Each pest control method has its advantages and disadvantages. Due to long-term and high-dose use, pests can easily develop resistance to specific pesticides, resulting in pest control failure and pest reemergance. However, other control strategies cannot effectively reduce the number of pests in a short time because of their slow effectiveness. Therefore, how to effectively and reasonably use multiple methods is the best choice for pest control. Based on this, the Food and Agriculture Organization of the United Nations (FAO) proposed the concept of integrated pest management (IPM) [1, 20, 21] and defined it as follows: “IPM is a pest control system that comprehensively considers the population dynamics of the pest and its related environment and uses all appropriate control techniques and methods that work as closely as possible to maintain levels at which pest populations do not cause economic harm.” Both experimentally [22, 23] and theoretically [24, 25], it has been proved that IPM is more practical than the classic approach. This is one of the most useful methods which minimizes damage to individuals and the environment in addressing pest control.

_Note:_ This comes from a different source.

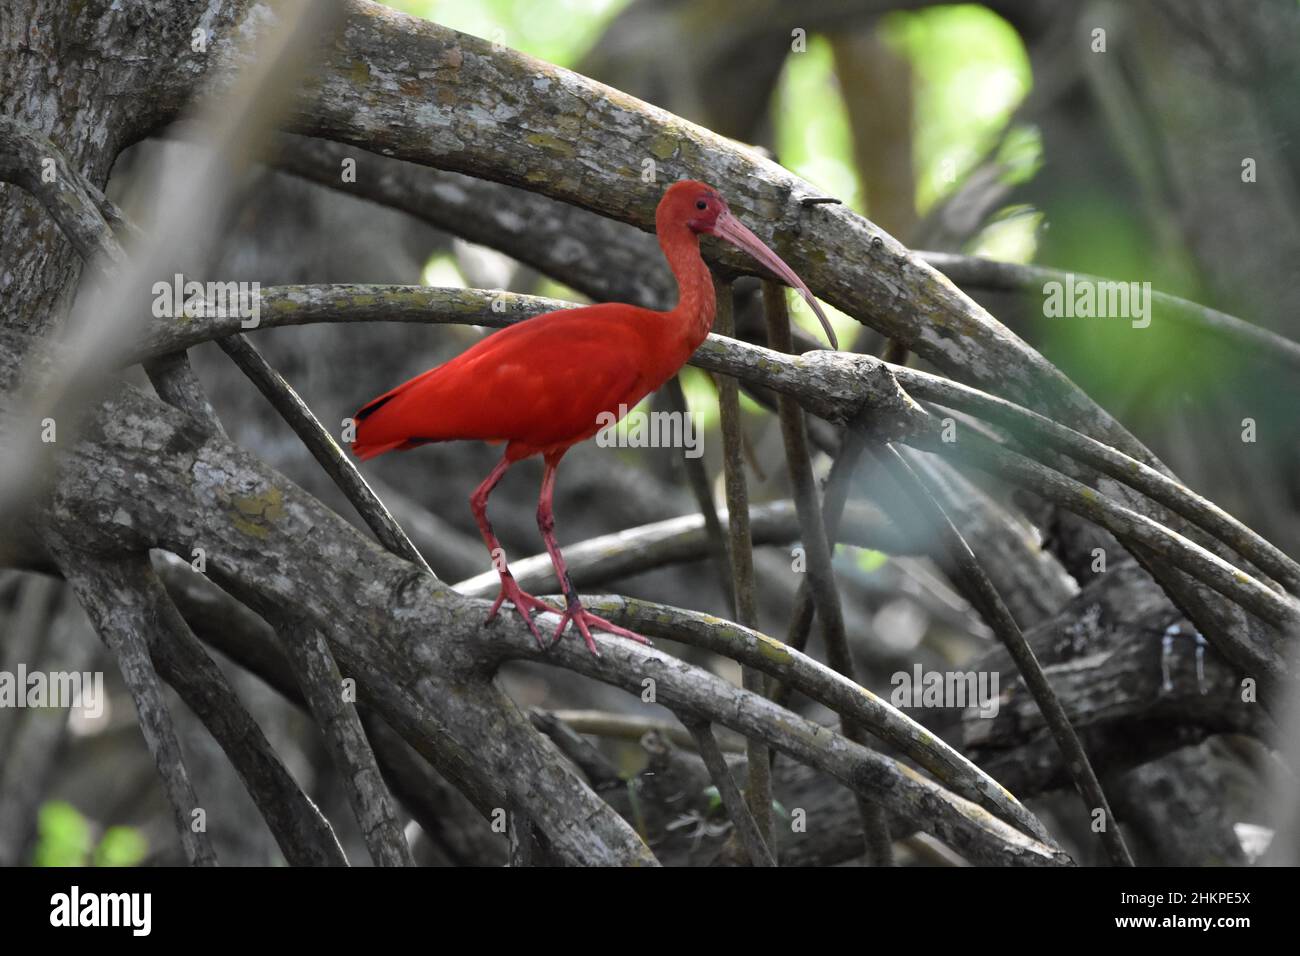 A Scarlet ibis on a mangrove branch in the Caroni Swamp at the Caroni Bird Sanctuary in Trinidad. The Scarlet ibis is the National Bird of Trinidad. Stock Photo

In this perspective, researchers have studied the mathematical problems based on impulsive differential equations in order investigate the dynamics of IPM and compass biped robotic systems. In numerous realistic problems, impulses often occur at state-dependent. Therefore, it is more feasible to apply the procedure of state-dependent feedback control to model real-world issues. Znegui et al. [26] used an impulsive hybrid nonlinear system to construct a passive biped robot model that demonstrates complicated behaviors. In [27], the authors constructed a Poincaré map which was further utilized to examine the existence and stability of order-1 periodic type solution of the problem under consideration. Many new systems on the design of specific analytical expression of the hybrid state-dependent Poincaré were studied in [28, 29]. The authors in [26–29] portrayed an expression of the controlled Poincaré map to discuss the stabilization of passive dynamic walking of the compass-gait biped robot. The compass-gait biped robot is a two-DoF legged mechanical system which is identified by its passive dynamic walking. The one-DoF mechanical systems are also of great importance. Some articles related to one-DoF state-feedback control with respect to different perspectives can be found in [30, 31].
The impulsive differential equations are also used proficiently in epidemic dynamics [32] and population dynamics [33–35]. A basic assumption of the above series of studies is that regardless of how huge the number of pests or the growth rate is, as long as the number of pest populations touches economic threshold (ET) [33–35], the IPM strategy can be implemented. However, there are two basic situations of actual pest growth that require high attention: first, the number of pests is comparatively large, and the rate of change is small; second, the population is small, but the rate of change is high. A fundamental problem illustrated by these two situations is that when the pest population is large (such as exceeding ET), the growth rate is small or even negative at this time. In this case, even if the IPM strategy is not implemented, the number of pests may not exceed economic injury level (EIL) [36]. Another situation is that the number of pests is not large, and the rate at which the pest population is growing is very large. In this case, if the control strategy is not implemented in time, it may lead to a large outbreak of pests. Next, in order to establish appropriate and effective integrated controlling strategies, the IPM process needs precise inspection of the pest quantity. The mortality rate should be fluctuated according to the saturating function which relies upon the density of pest, and the releasing quantity of natural enemies should be a function of their density. Therefore, keeping in mind the above factors, a feasible new state-feedback control pest-natural enemy ecosystem with nonlinear controlling measures as well as nonlinear action threshold system is proposed. The corresponding analytical techniques and numerical methods are developed to examine the dynamical aspects of the system under consideration.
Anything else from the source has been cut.